A correlation heatmap (correlation threshold > 0.5) of the top 20 species (with high abundances) and serum biochemical indicators (ALB, TP, AST, ALT, TG, CK, MDA, SOD, and CAT) is shown in Fig. 5A. Serum parameters were significantly correlated with the genus (6 positive and 12 negative correlations) (P < 0.05). Specifically, Treponema was significantly negatively correlated with ALT (P < 0.001) and positively correlated with TP (P < 0.05). In addition, ALT was significantly negatively correlated with Prevotella and Paraprevotella, while Saccharofermentans was significantly negatively correlated with AST, TP, and SOD (Fig. 5A, P < 0.05).
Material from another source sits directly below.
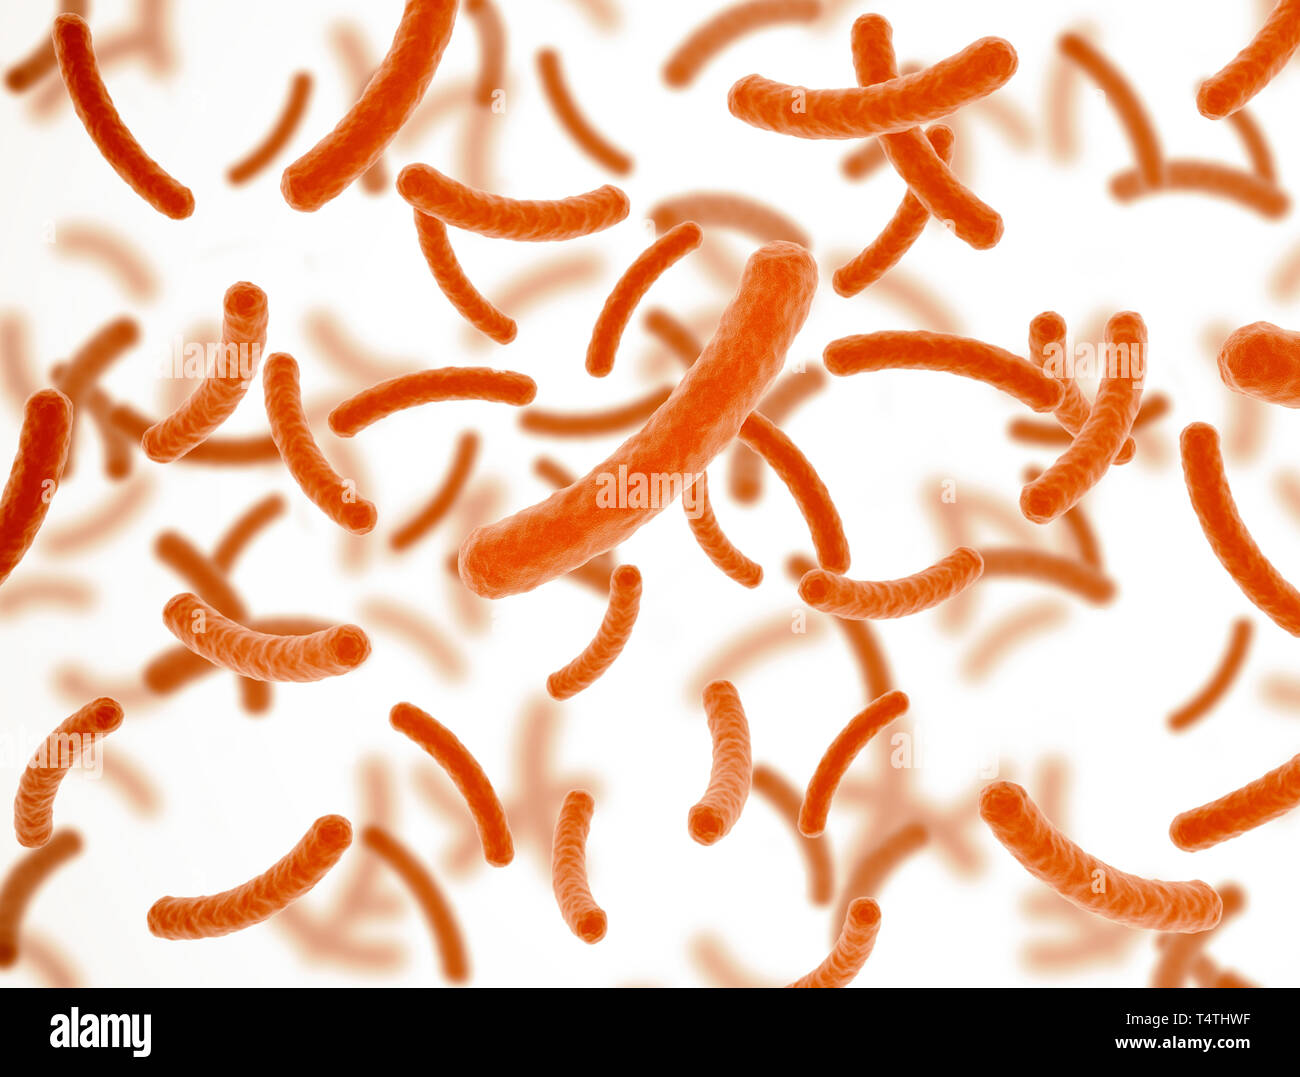 Les cellules des bactéries orange sur fond blanc avec la profondeur de champ Banque D'Images
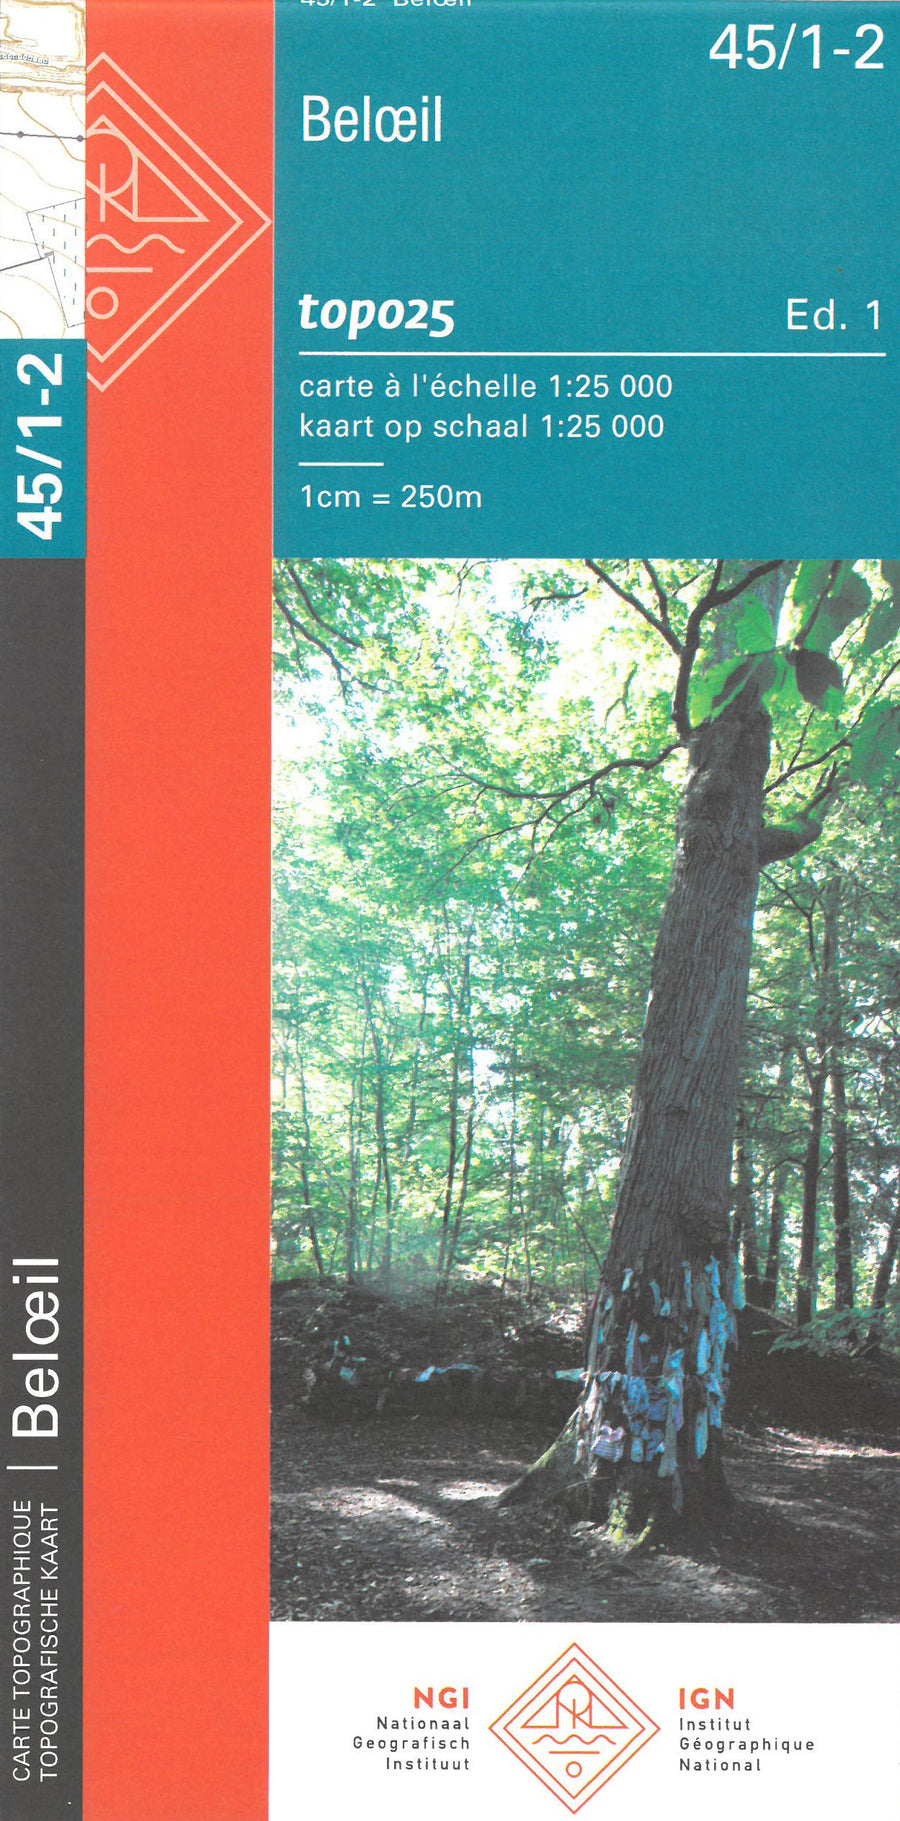 Carte topographique n° 45/1-2 - Beloeil (Belgique) | NGI topo 25 carte pliée IGN Belgique

The correlations between α diversity and serum biochemical indicators were also assessed via Pearson’s correlation analysis and mantel test (Fig. 5B). Results showed that ALT was significantly positively and negatively correlated with Simpson and Shannon indices, respectively (Fig. 5B).

Fig. 5
figure 5

(A) Spearman correlation and clustering analysis between serum biochemical indicators and main bacterial at the genus level (* P < 0.05, ** P < 0.01, *** P < 0.001). ALB: albumin, TP: total protein, AST: aspartate transaminase, ALT: alanine transaminase, TG: triglyceride, CK: creatine Kinase, MDA: malondialdehyde, SOD: superoxide dismutase, CAT: catalase. (B) Pairwise comparisons of serum indicators: The color gradient represents the Pearson correlation coefficient, and the edge width corresponds to the correlation of Mantel’s statistic. Blue represents a significant correlation, while the solid line represents a positive correlation

Fig. 6
figure 6

Functional predictions for gut microbiota with significantly different KEGG pathways (P < 0.05) for the IG and HG (KEGG pathways at Level 2 and Level 3)


This study elucidates changes in the gut microbiota of horses caused by Chlamydia infection. Serum biochemical indicators in the IG and HG group were analyzed and compared. The IG group had higher levels of GLB and ALT (Table 1), similar to a previous human study case [20, 21]. Chlamydia is a zoonotic pathogen that invades host cells, which may trigger stress response and increase ALT levels. The Chlamydia is characterized by the latent infection of the body and the continuous secretion of cytokines, such as Tumor necrosis factor, interleukin (IL)-1β, and IL-6. Moreover, Chlamydia may lead to the continuous damage of multiple organs, such as the liver, kidney, and muscles [22, 23], and increase the permeability of tissue cells, thus increasing ALT levels. Notably, the CK levels were higher in the IG than in HG (Table 1). Chlamydia has a unique biphasic developmental cycle [24], with alternating elementary bodies and reticulate bodies. This allows immune escape, leading to persistent infection [25]. CK is widely found in tissues, such as skeletal muscle, cardiac muscle, and brain [26]. Chlamydia can hide in monocytes and penetrate the blood-brain barrier after continuous infection, thus spreading to brain tissue [27] and increasing CK levels.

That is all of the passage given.